Thank you for formally accepting my answer
Greg
  4 件のコメント
Ekta Prashnani
Ekta Prashnani 2016 年 2 月 17 日
編集済み: Ekta Prashnani 2016 年 2 月 17 日
Thanks for your reply, Greg!
Sorry, I am confused: several online sources seem to suggest that "In training a neural net, the term epoch is used to describe a complete pass through all of the training patterns." (Source: http://www.cse.unsw.edu.au/~billw/mldict.html#epoch )
Some of the experts from Stanford are saying the same thing: "one epoch means that every example has been seen once." (Source: http://cs231n.github.io/neural-networks-3/, Section "Babysitting the learning process" )
Am I missing something in interpreting the text in the above sources? Or maybe the manner in which the epoch is defined in different in matlab?

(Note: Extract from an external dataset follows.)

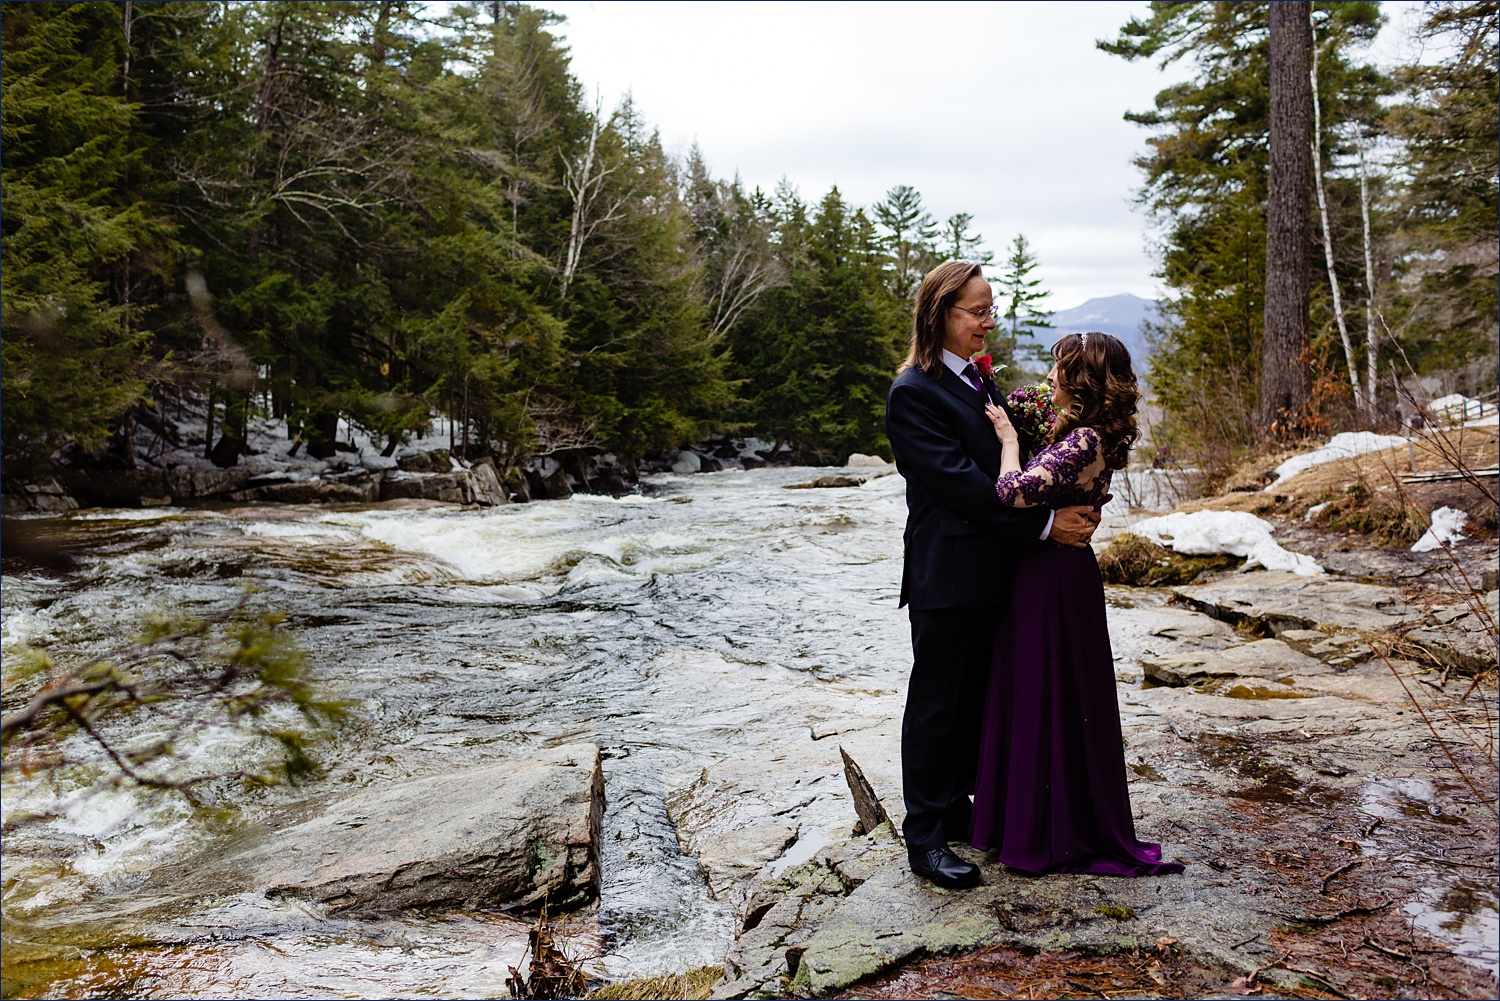 The newlyweds stand by Jackson Falls in the Spring chill air after their NH Elopement

I may be wrong, but I think the confusion here is in the difference between an epoch and an iteration. An iteration is completed every time the network parameters are updated (be it using the entire training data or mini batches of the training data). An epoch is completed when the network has passed through the entire training data once. (Source: http://deeplearning4j.org/glossary.html, please scroll down to "Epoch vs. Iteration" section)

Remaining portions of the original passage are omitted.